LAHORE: The Lahore High Court has referred the petitions of the sugar mills against forced lifting of the commodity and its new price to an appellate committee available in the law as a first remedy with a direction to decide the controversy strictly in accordance with law.
During Wednesday’s hearing, a deputy attorney general had told the court that the petitioners could raise the issue before the appellate forum provided under section 6 of the Price Control and Prevention of Profiteering and Hoarding Order 2021.
The millers’ counsel said due to absence of any express power in the rules of the appellate forum to grant interim relief, they approached the court under the constitutional jurisdiction.
However, they said the petitions could be referred to the appellate authority as applications for interim relief and the respondents be restrained from implementing the impugned orders till a decision.
To substantiate the plea of irreparable loss, the counsel argued that there was no mechanism of recovering the amount from the consumers, to whom sugar was being supplied, even if the appellate forum decided the matter in favour of the millers.

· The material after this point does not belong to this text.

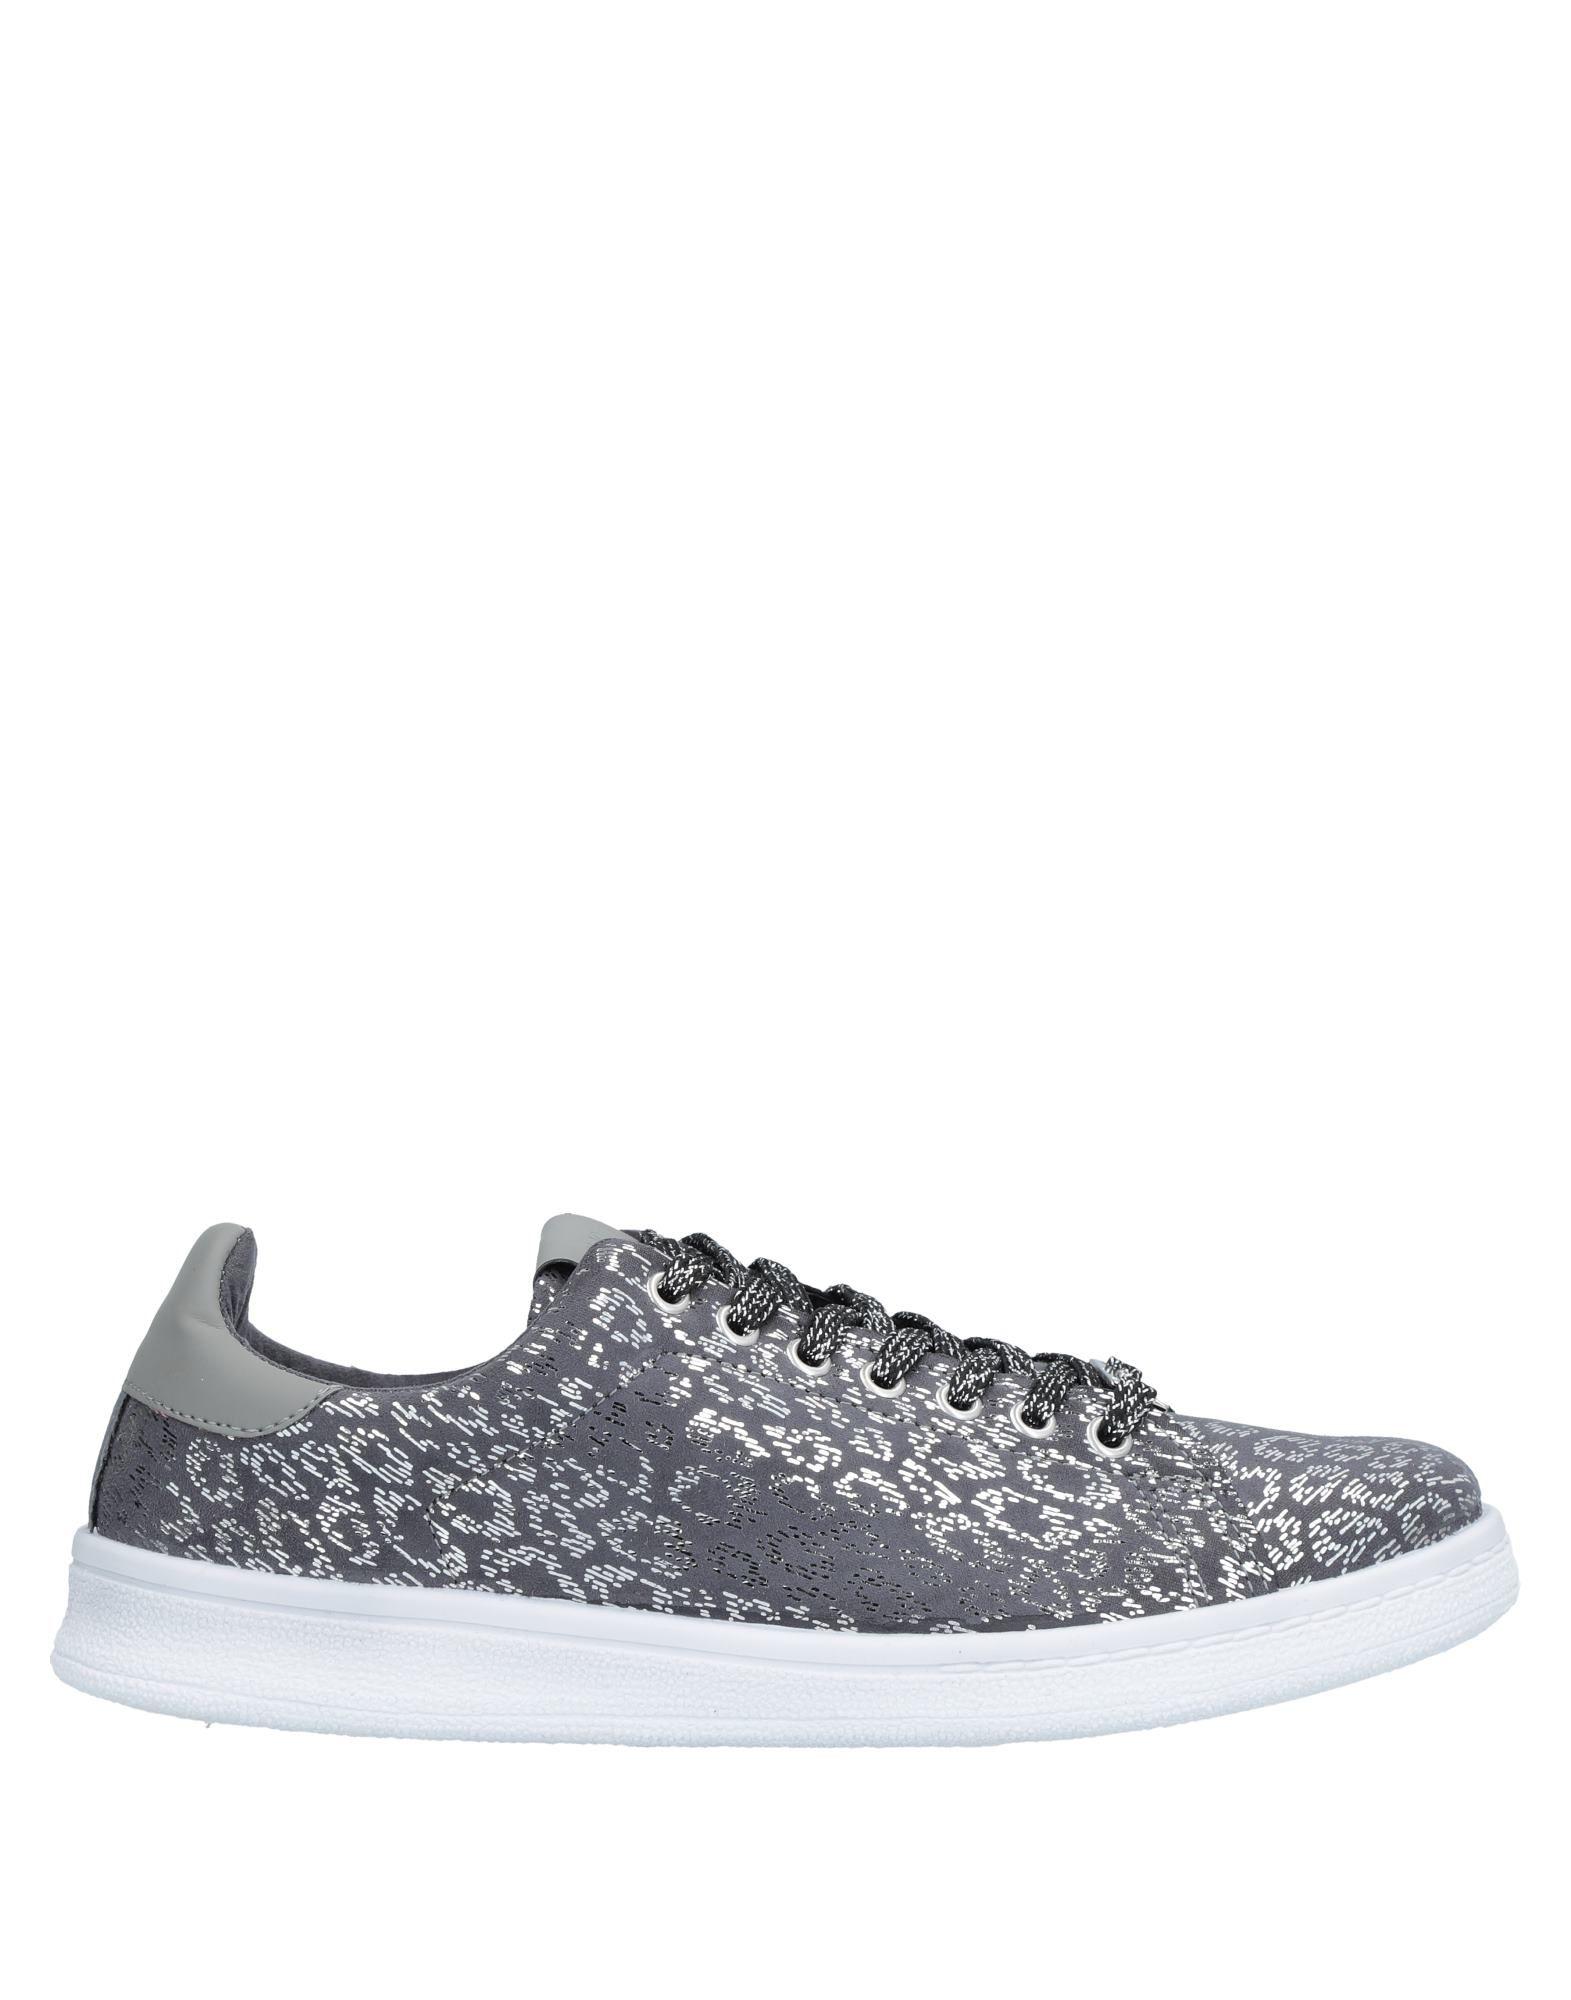 Liu •Jo Schuhes Turnschuhes Damen 11423452CA Gute Qualität beliebte Schuhe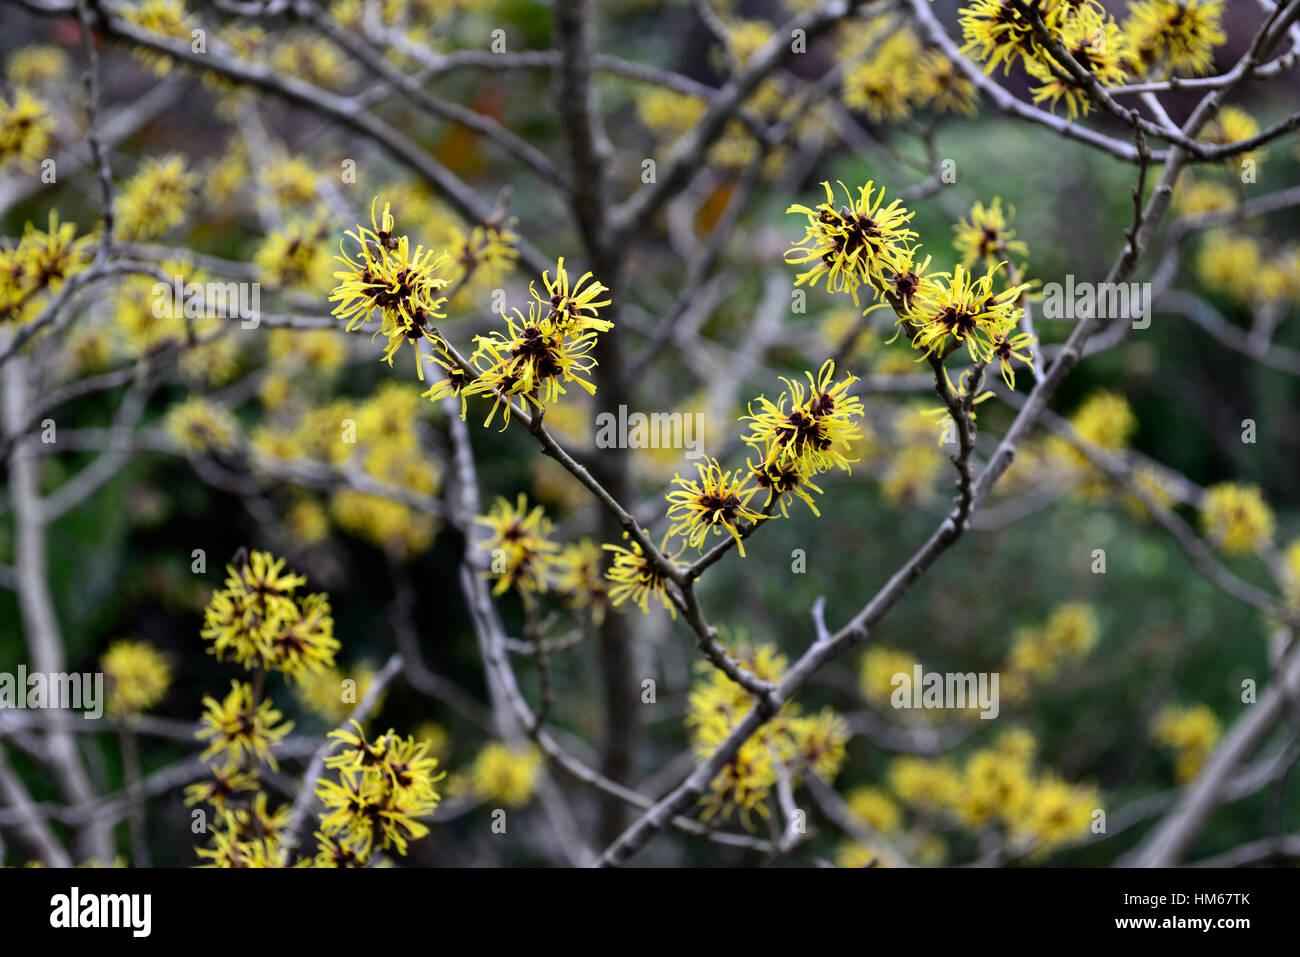 Hamamelis Mollis Chinese Witch Hazel Winter Yellow Hazels Scented

In his written order issued on Thursday, Justice Shahid Jamil Khan says, “Observing judicial restraint to give any observation of finding on the issue, the matter is referred to appellate authority, ibid, which shall treat these petitions as applications for interim relief.”
In the interest of justice, the judge directed that till decision on the applications the impugned orders of the government shall not be implemented.
With these directions, the judge disposed of the petitions of the sugar mills.
The counsel for the millers told the court that legality of the Punjab Sugar (Supply Chain Management) Order 2021 was also challenged in the petitions.
The judge allowed the petitioners to raise the matter later through a fresh litigation.